Санчес улыбнулся; его улыбка была детской, открытой и такой доброй, что у Мари защемило сердце…

«Господи, как же я его люблю, – подумала она, – я никого и никогда не любила так, как его… Да, умом я понимаю его правоту, да, он верно говорит, что ему не простят, если я стану жить здесь, в Гаривасе: лидер национальной революции привез немку – у него много врагов, это сразу же обыграют, а здесь круто поступают с теми, в кого перестают верить… Он сказал, что ему нужно два года, потом он уйдет, когда сделает то, что обязан сделать… А что может случиться за эти два года? Мы рабы не только обстоятельств, но и самих себя, своих желаний, своей мечты, своей плоти, наконец… Хотим быть идеальными, но ведь это невозможно…»

– Ты спрашиваешь, счастлив ли я? – Санчес достал испанскую черную крепчайшую сигарету «Дукадо», закурил, посмотрел на плоскую коробочку диктофона, что лежал на низком столике между Мари и его помощником по связям с прессой Гутиересом, и задумчиво ответил: – Да, пожалуй, я вправе ответить – счастлив.

– Из чего складывается ва… твое ощущение счастья?

– Из того, что я могу осуществить свои мечты на деле.

– Вам… Тебе трудно это?

– Да.

– Отчего?

– Мы пришли к власти в стране, где царствовали диктатура, коррупция, леность и произвол. Это наложило печать на весь строй психологии мышления нации, изменить его – это задача задач тех, кто взял на себя ответственность за будущее. Как изменить? Принуждением к работе? Не выйдет. Энтузиазмом? Да, возможно, на первых порах. Но решительный перелом может произойти только в том случае, если будет выработана точная экономическая модель, базирующаяся на принципе равенства, справедливой оплаты затраченного труда и, наконец, творчества… Ты читала книгу Мигеля Анхеля Астуриаса «Сеньор президент»?

– Не помню.

Санчес покачал головой, подумав: «Ты не читала, любовь моя, иначе бы ты не могла ее забыть; как же прекрасно ты засыпала с книгой, когда я оставался у тебя в Бонне, на Бетховенштрассе, в твоей маленькой комнате под крышей, чистенькой и светлой, как слово “здравствуй”, ты засыпала, словно дитя, и ладошку подкладывала под щеку, сворачивалась кошкой и сладко чмокала во сне, а я лежал и боялся пошевелиться, хотя мне надо было успеть просмотреть за ночь добрую сотню страниц, как ни осторожно я отодвигался от тебя, ты все равно ощущала это и обнимала меня, прижималась еще теснее, и я оставался подле недвижным».

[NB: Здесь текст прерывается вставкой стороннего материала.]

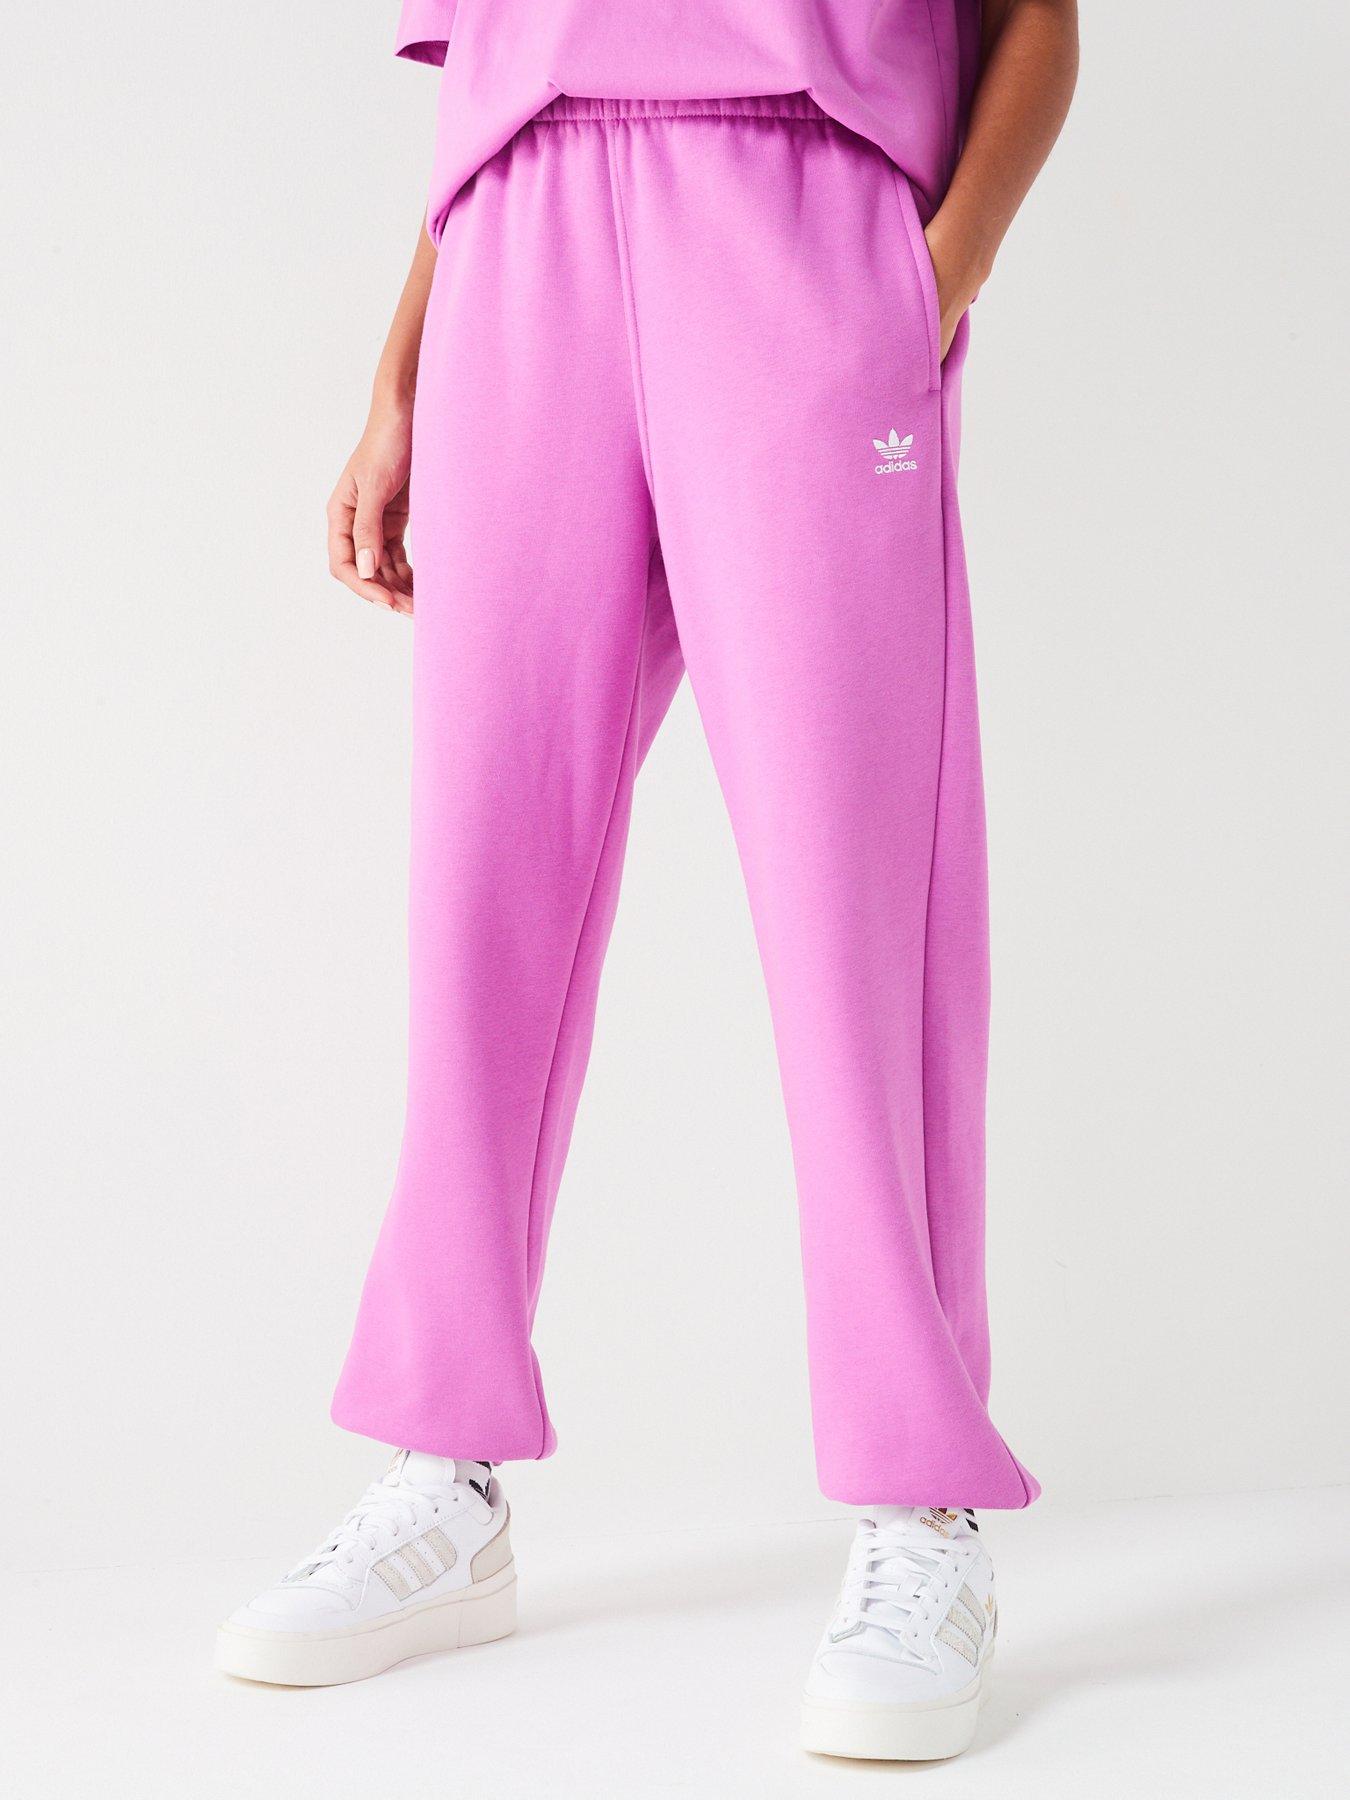 Pink Adidas Pants - Bottoms, Clothing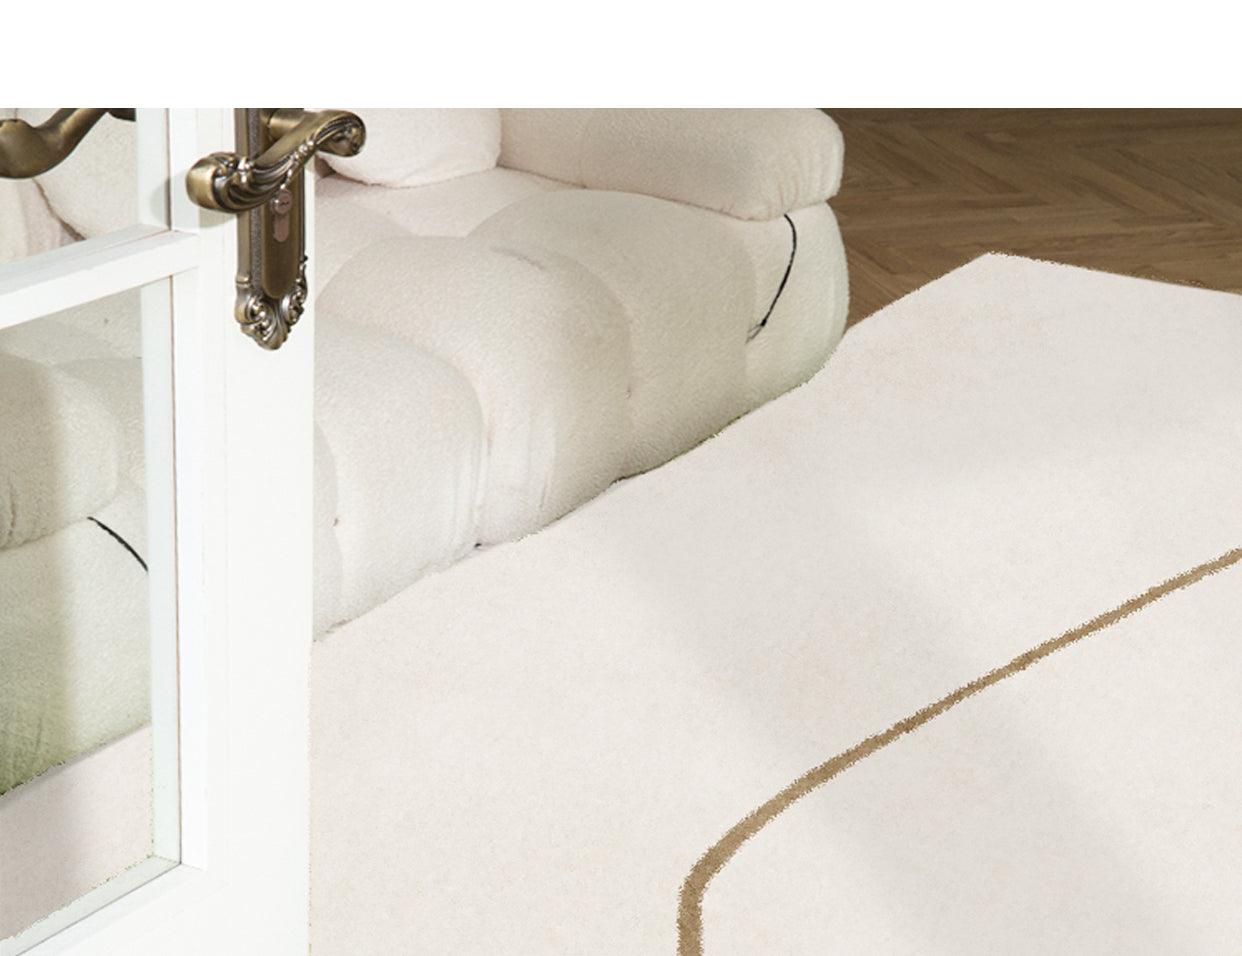 Modern Light Luxury Art Design Carpet │ Living Room Home Decor Soft Large Area Rugs Besontique

– Это замечательная книга великого гватемальца, – продолжил он. – Астуриас рассказал о диктатуре Эстрады Кабреры, он писал, что диктатура – это страшный, ядовитый паук, который развращает, подкупает, запугивает все классы общества, люди становятся либо бездушными механизмами, либо фанатиками, либо отвратительными приспособленцами… Некоторые думают, что после диктатуры наступит новое время и все станет на свои места. К сожалению, это не так. Проходят годы, а дух диктатора и его системы все живет и живет. Почему? Да потому, что диктатура разъедает общество до мозга костей…

– Когда вы намерены провести выборы? Я имею в виду демократические.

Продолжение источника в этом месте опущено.